Adds support for merging groups in bwd weight V3 kernel. Four such kernel instances are also added. For shapes that result in very skinny GEMMs, this leads to a performance improvement. Examples of such shapes and their uplift on MI350X is shown below.

profiler command	before (ms)	after (ms)	speedup
ckProfiler grouped_conv_bwd_weight 1 2 1 2 0 1 2 32 32 16 16 3 3 50 50 1 1 1 1 1 1 1 1 all	0.224	0.205	1.09
ckProfiler grouped_conv_bwd_weight 1 2 1 2 0 1 2 32 32 8 8 3 3 100 100 1 1 1 1 1 1 1 1 all	0.590	0.470	1.26
ckProfiler grouped_conv_bwd_weight 1 2 1 2 0 1 2 32 32 8 8 3 3 200 200 2 2 1 1 1 1 1 1 all	0.756	0.569	1.33

Checklist

Please put an x into the boxes that apply. You can also fill these out after creating the PR. If you're not sure, please don't hesitate to ask.

I have added tests relevant to the introduced functionality, and the unit tests are passing locally
I have added the test to REGRESSION_TESTS list defined at the top of CMakeLists.txt in tests/CMakeLists.txt, IF the test takes more than 30 seconds to run.
I have added inline documentation which enables the maintainers with understanding the motivation
I have removed the stale documentation which is no longer relevant after this pull request
(If this change is user-facing) I have added release notes which provide the end users with a brief summary of the improvement from this pull request
I have run clang-format on all changed files
Any dependent changes have been merged

Discussion

vpietila-amd

Looks good to me. @bartekxk what do you think?

Copilot

Pull request overview

This PR implements group merging functionality for the backward weight V3 kernel in grouped convolutions.
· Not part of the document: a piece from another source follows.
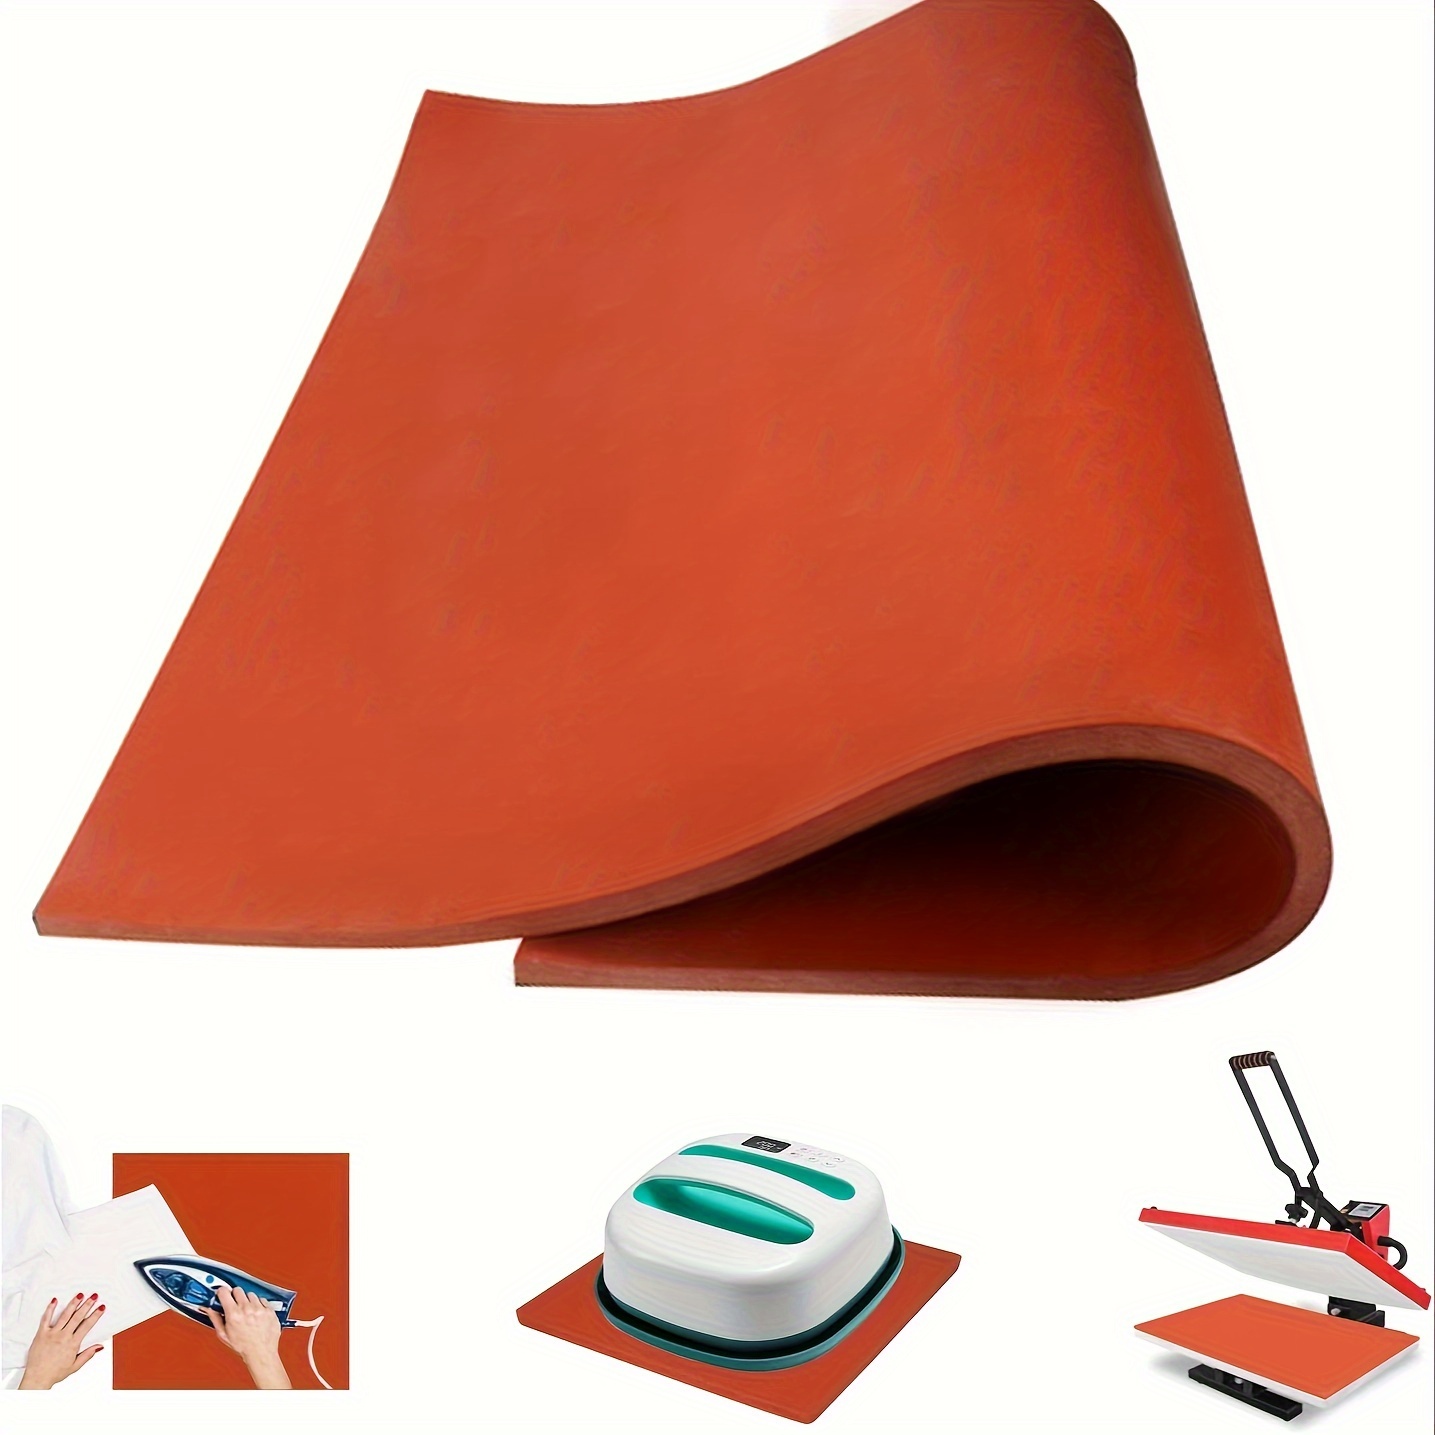 Polyurethane Foam Sheet Cuttable Foam Inserts For Cases - Temu

The feature enables multiple groups to be merged and processed together, improving performance for workloads that result in skinny GEMM operations.

Changes:

Added NumGroupsToMerge template parameter to the V3 kernel implementation with default value of 1
Updated batch stride calculations to account for merged groups
Added four new kernel instances with group merging factors of 2 and 4
Added validation to ensure the number of groups is evenly divisible by the merge factor

Reviewed changes

Copilot reviewed 2 out of 2 changed files in this pull request and generated 2 comments.

File	Description
device_grouped_conv_bwd_weight_v3_xdl_instance.hpp	Adds four new kernel instances with group merging enabled (merge factors of 2 and 4)
device_grouped_conv_bwd_weight_xdl_cshuffle_v3.hpp	Implements the core group merging logic including template parameter, stride adjustments, and validation

💡 Add Copilot custom instructions for smarter, more guided reviews. Learn how to get started.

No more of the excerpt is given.